The elastics’ force is closely related to their stretching,14 but the decrease in force is not proportional to this stretching.24 The non-latex elastics showed a higher percentage of force relaxation compared to the latex elastics. In this study, the samples experienced a higher, statistically significant percentage of force loss in non-latex elastics (6.1%), compared to 5.3% in latex elastics during the first 6 hours of elongation. These percentages are very similar to those reported by Alavi et al23 (4-7.5%) but lower than those reported by Russell et al13 (15-20%) and Aljhani et al20 (10-12%). However, force relaxation after 6 hours was lower, and no statistically significant differences were found between the two types of elastics. Russell et al13 found that GAC® non-latex elastics showed a higher percentage of force relaxation. However, Aljhani et al20 found no significant differences in the force provided by the two groups of elastics in static periods, but in periods with movement.
One of the variables taken into account in this study was the elastics exposure to artificial saliva, a factor that can affect the force provided by them. López et al18 found a greater force loss in latex and non-latex elastics in a humid environment compared to a dry environment, and a significant difference between the two types of elastics in a dry environment. This can be explained by the structure and composition of non-latex elastics, which contain synthetic polymers with molecular joints that maintain the integrity of the structure, compared to the covalent cross-links of latex elastics, leading to a deficient behavior of non-latex elastics.20 Liu et al24 established that the extension of all elastics because of anatomical needs would be in the range of 20 to 50 mm.
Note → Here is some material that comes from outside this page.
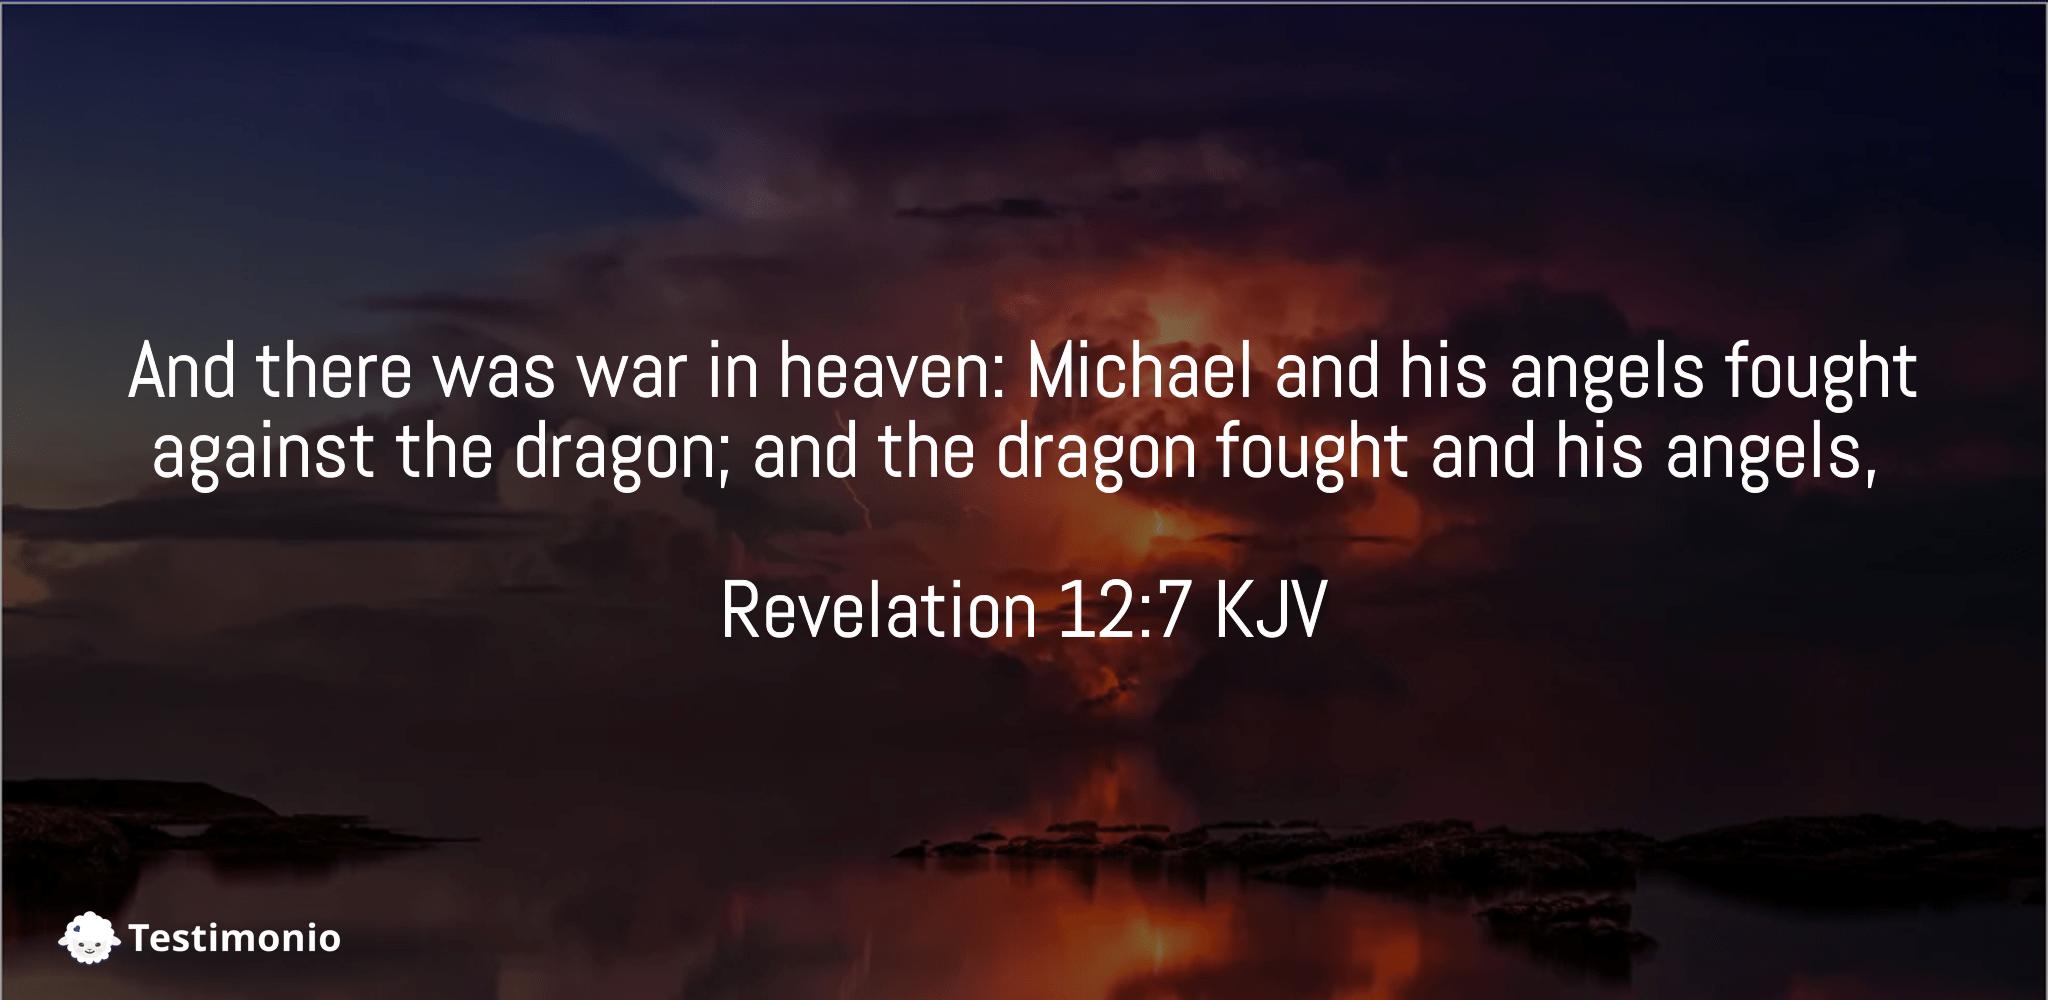 Revelation 12:7

Accordingly, the normal extension range would be given by an elongation of three times the diameter of the elastics, according to Bell’s rule of the triple stretch (1951).25 This rule was used in this study to achieve a standard elongation.
This study was carried out with in vitro tests, controlling variables such as immersion in saliva and the elastic’s extension; however, in the oral cavity elastics are exposed to other factors, such as the pH of food,26 the use of oral antiseptics27 and the activity of the jaws, among others7 that were not taken into account in the study. This is why it is recommended to take the results with caution, perhaps performing in vivo studies to observe the actual behavior of elastics with these variables.27
The orthodontist should use measuring instruments to verify that the elastics are producing the expected level of force,18 and replace elastics several times a day, if necessary, to maintain higher constant forces during treatment, as recommended by Alavi et al.23
CONCLUSIONS
The force provided by latex elastics stretched three times their internal diameter and immersed in artificial saliva was greater than that provided by non-latex elastics at all evaluated times. The initial force given by latex and non-latex elastics was higher than that announced by the manufacturer. The force of non-latex elastics decreases to values similar to that reported by the manufacturer at 18 hours.
The non-latex elastics used in this study can be used in clinical situations. However, the use of latex and non-latex elastics should be kept under strict control to make orthodontic mechanics efficient, since the period of greatest elastic instability occurs between 0 and 6 hours.